= Agatharchus =

5th-century BC Greek artist

Agatharchus or Agatharch (Ἀγάθαρχος) was a self-taught painter from Samos, who lived in the 5th century BC. His father was named Eudemos (Εὔδημος).
He is said by Vitruvius to have invented scenic painting, and to have painted a scene (scenam fecit) for a tragedy which Aeschylus exhibited. Hence some writers, such as Karl Woermann, have supposed that he introduced perspective and illusionism into painting.

However, as this appears to contradict Aristotle's assertion that scenic painting was introduced by Sophocles, some scholars understand Vitruvius to mean merely that Agatharchus constructed a stage. But the context shows clearly that perspective painting must be meant, for Vitruvius goes on to say that Democritus and Anaxagoras, carrying out the principles laid down in a treatise written by Agatharchus, wrote on the same subject, showing how, in drawing, the lines ought to be made to correspond, according to a natural proportion, to the figure which would be traced out on an imaginary intervening plane by a pencil of rays proceeding from the eye, as a fixed point of sight, to the several points of the object viewed.

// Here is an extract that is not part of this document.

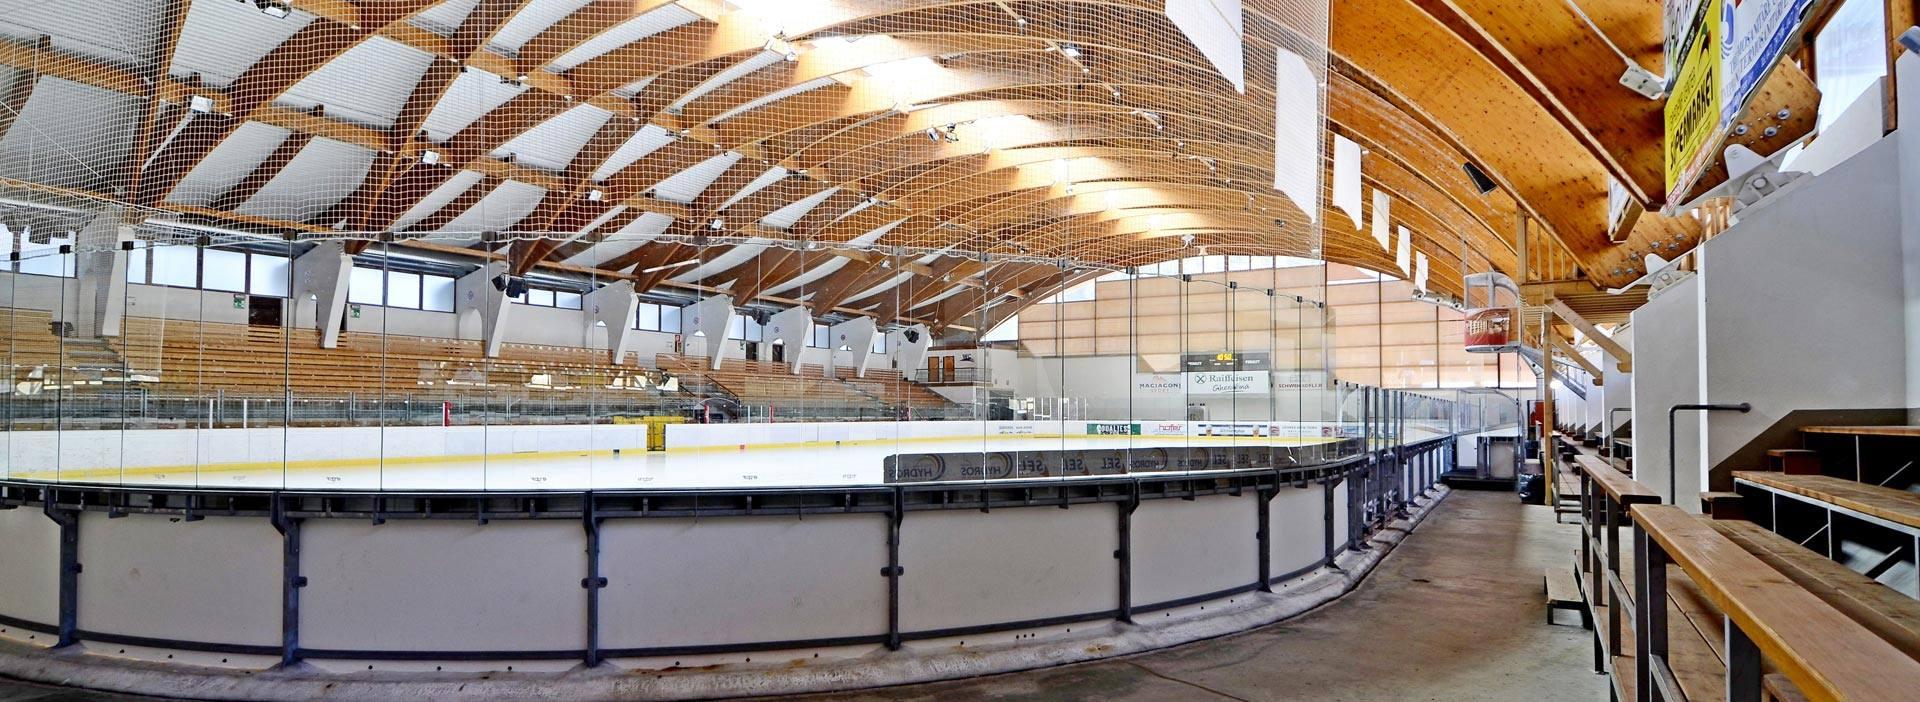 Stadio del ghiaccio Pranives

It was probably not till towards the end of Aeschylus's career that scenic painting was introduced, and not till the time of Sophocles that it was generally made use of, which may account for what Aristotle says.

Agatharchus was therefore the first painter known to have used graphical perspective on a large scale, although rare occurrences of perspective do appear in vase painting around the middle of the 6th century BC. He is also said to have led the way for later painters, such as Apollodorus.

Agatharchus was a contemporary of Alcibiades and Zeuxis, and was often singled out for the ease and rapidity with which he finished his works. Plutarch and Andocides at greater length tell an anecdote of Alcibiades having inveigled Agatharchus to his house and kept him there for more than three months in strict durance, compelling him to paint it. The speech of Andocides above referred to seems to have been delivered after the destruction of Melos (416 BC) and before the expedition to Sicily (415 BC); so that from the above data the age of Agatharchus may be accurately fixed.